* **WHAT YOU ARE ASKED TO DO**
Set the listing down again in full, word for word, with the pictures left out.

* **SUPPLIED DATA**
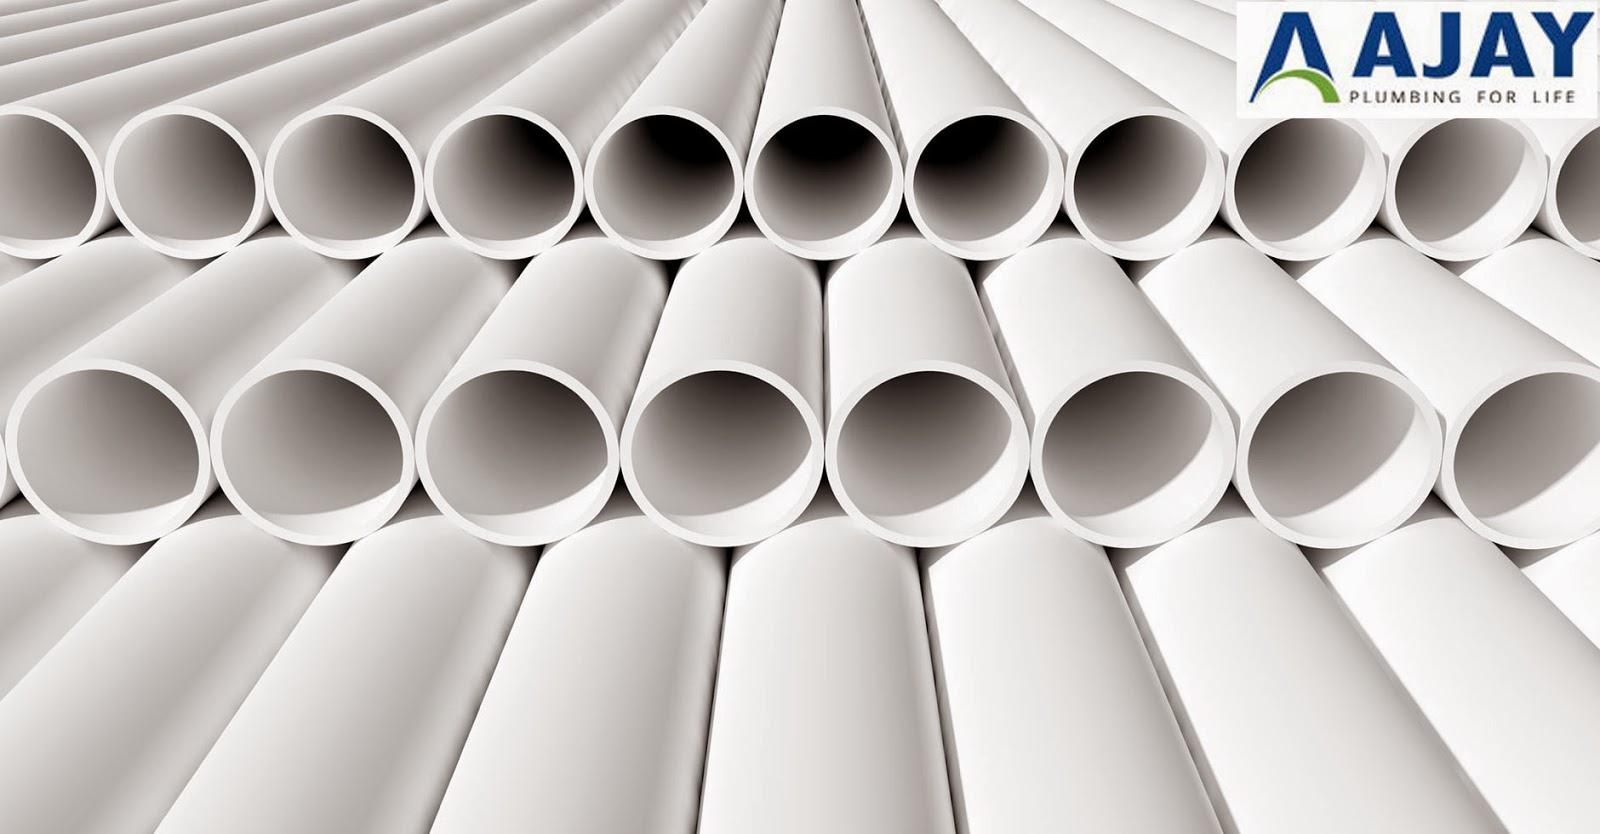 CPVC, PVC & UPVC Plastic Pipes & Fittings In India: Choose
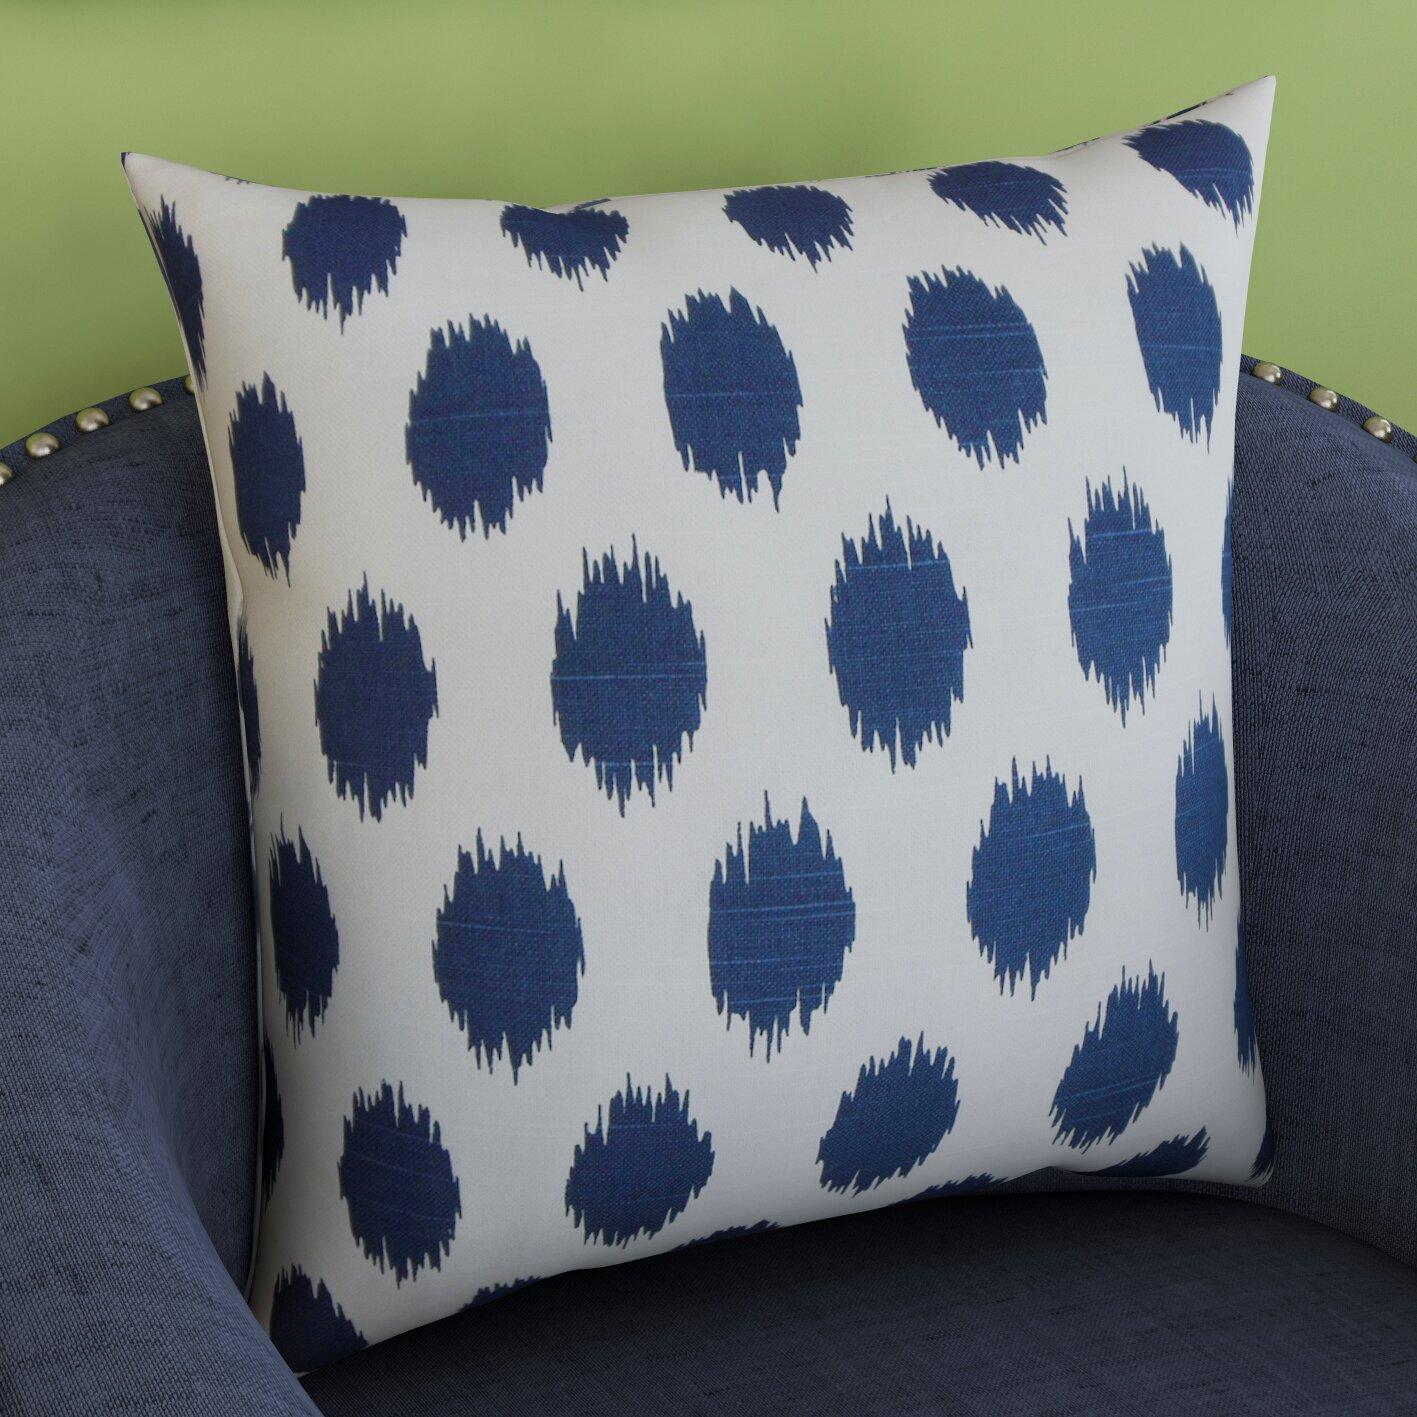 Red Barrel Studio Brickyard Cotton Throw Pillow & Reviews Wayfair
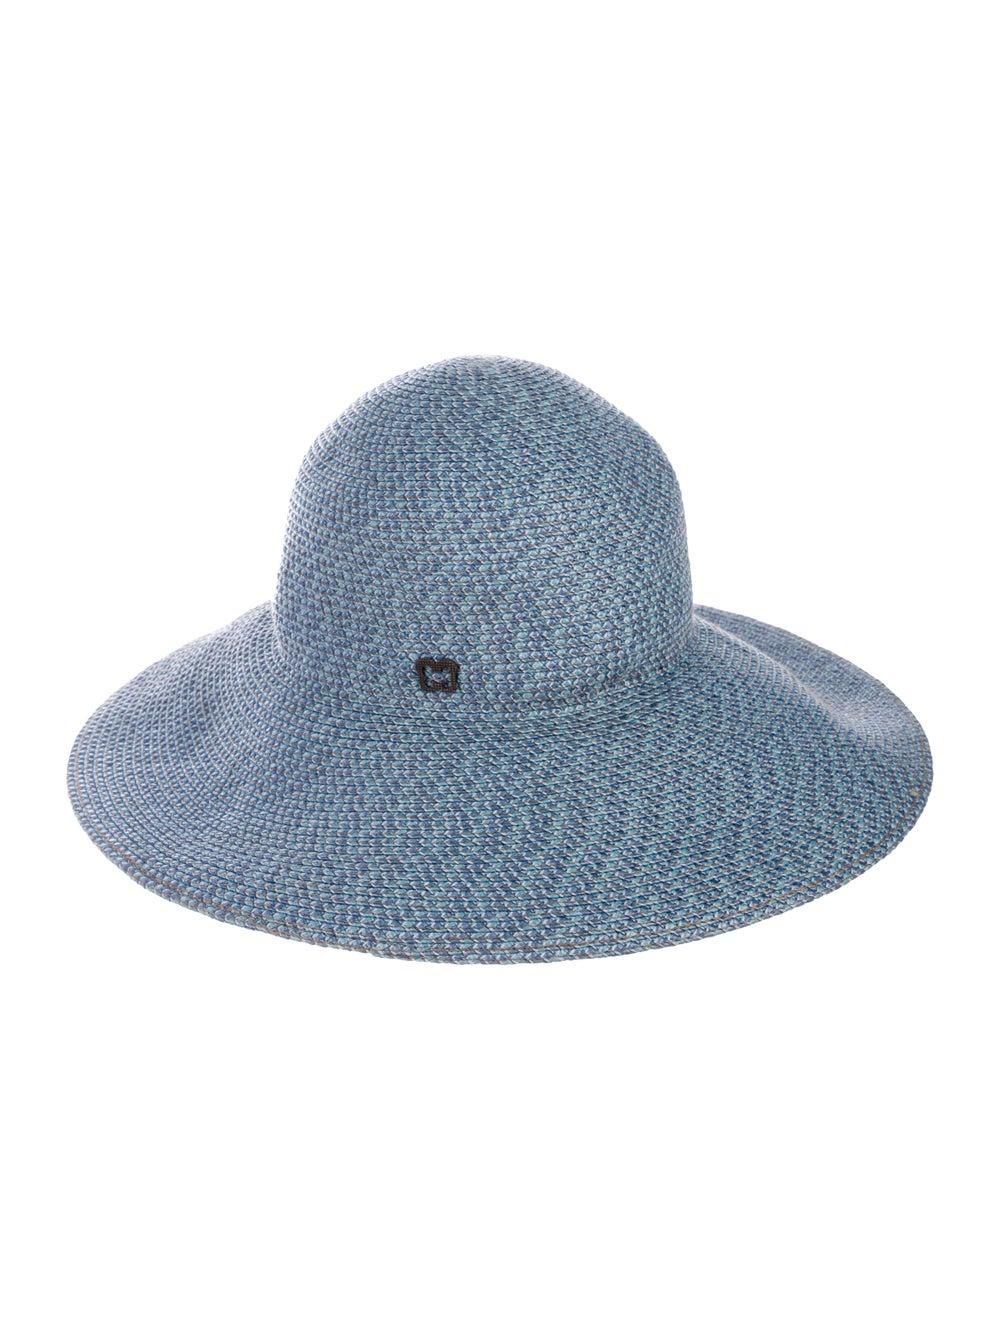 Eric Javits Straw Wide Brim Hat Blue - image 2

* **EXERCISE OUTPUT**
 CPVC, PVC & UPVC Plastic Pipes & Fittings In India: Choose
 Red Barrel Studio Brickyard Cotton Throw Pillow & Reviews Wayfair
 Eric Javits Straw Wide Brim Hat Blue - image 2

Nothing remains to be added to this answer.